The output or outlet port 22 of the PF 12 is connected to conduit means 24 
and the fluid pumped by the PF 12 normally passes through a one way check 
valve 26 before joining the output of the PV 14 and conduit means 28 which 
connects the pump system with the work circuit 30. An alternative pass for 
the fluid output of the PF 12 is possible through conduit means 32 which 
intercepts conduit means 24. Conduit means 32 progresses from conduit 
means 24 through an unloading valve 34 of the pilot operated type thence 
to fluid reservoir 18 through conduit means 46. Fluid will pass from the 
outlet port 22 of the PF 12 to the fluid reservoir 18 upon activation of 
unloading valve 34 which is responsive to a pressure signal from conduit 
48 by means of conduit 28. This unloading valve shown as 34 in FIG. 1 is 
of the pilot operated type having a progressive opening means, however, 
this valve could be of a more conventional type if desired. 

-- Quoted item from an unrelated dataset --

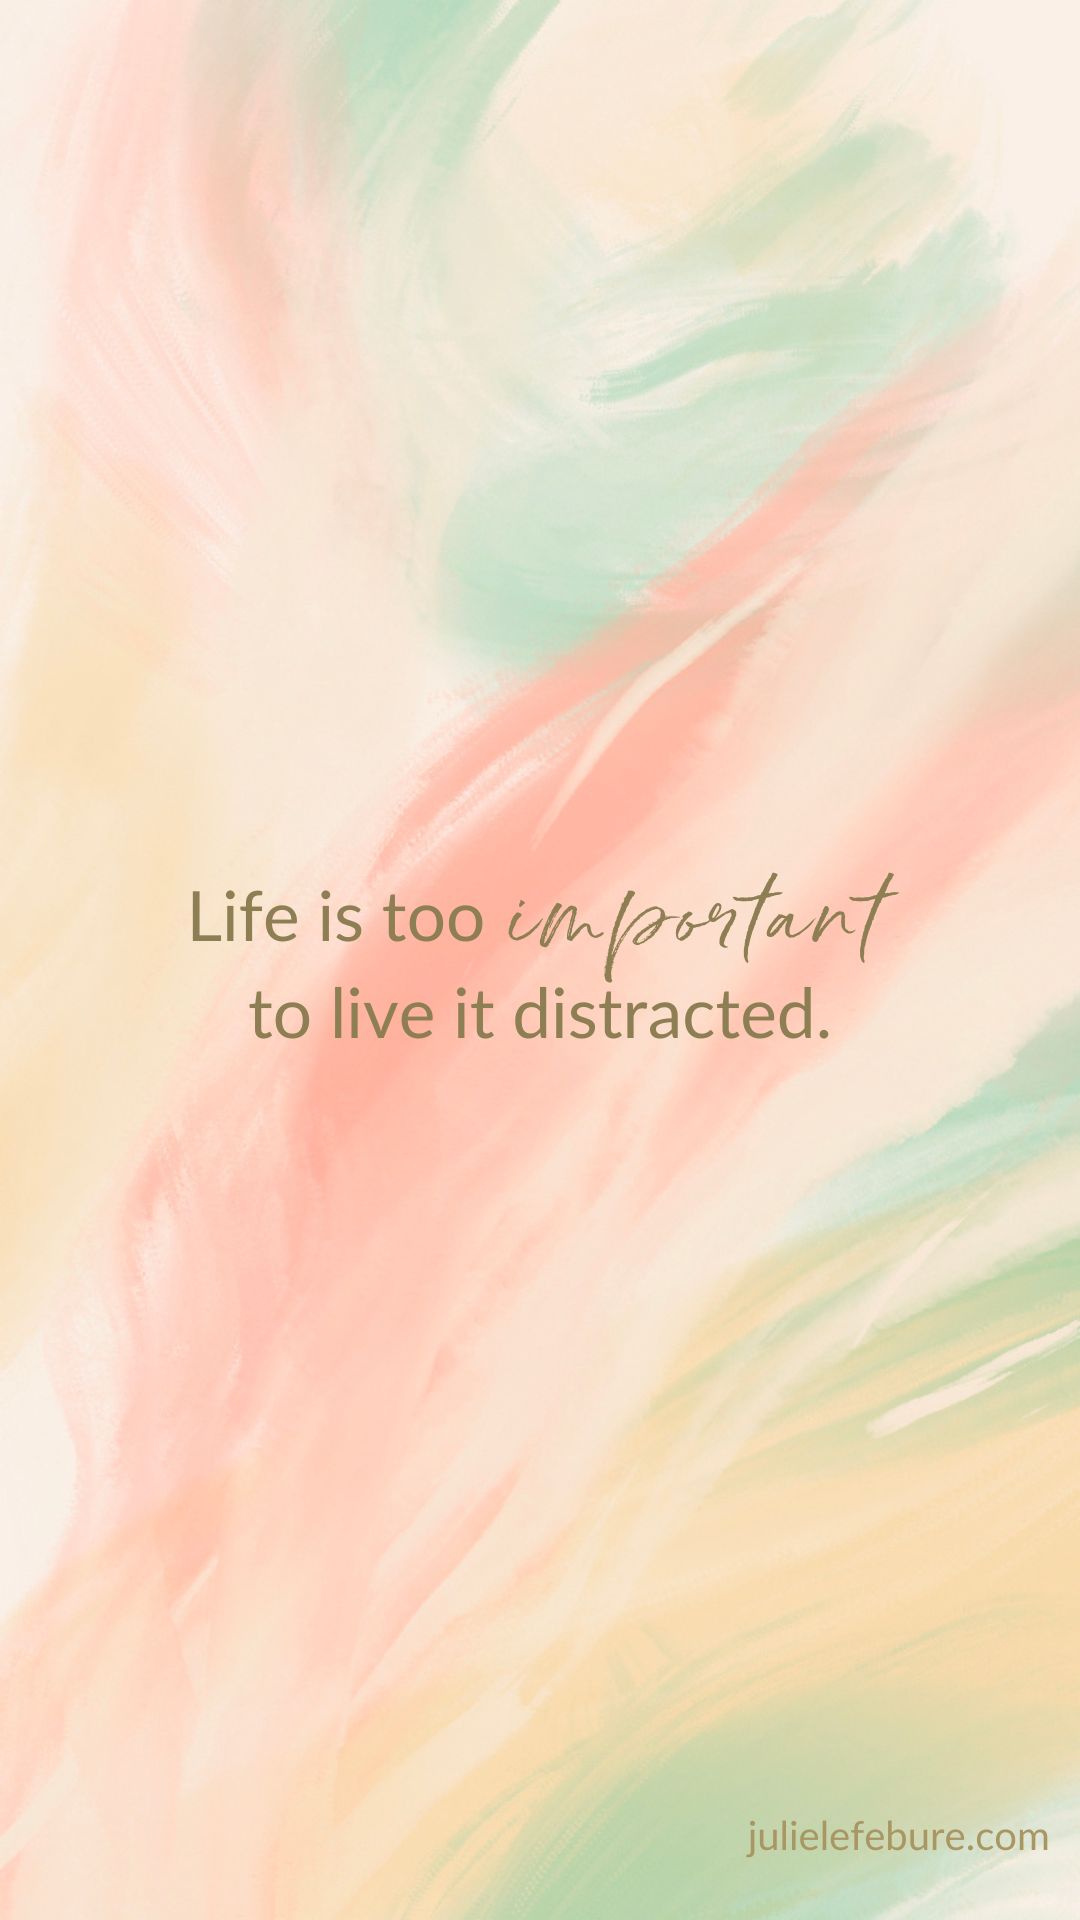 Life Is too Important to Live it Distracted lockscreen

The variable displacement pump or PV 14 has an inlet port 36 communicating 
with the fluid reservoir 18 by means of conduit 38. The PV 14 is driven by 
a prime mover 19 represented as driving both the PF 12 and the PV 14. 
However, this is only a schematic representation and alternative methods 
of pump driving would be to use two prime movers or other reasonable 
alternatives. Conduit means 28 connects the outlet port 40 of the PV 14 
with the work circuit 30. The PV, being of the axial piston positive 
displacement type pump having a swash plate and a hydraulic actuator, is 
not shown in detail as pumps of this type are well known in the art. 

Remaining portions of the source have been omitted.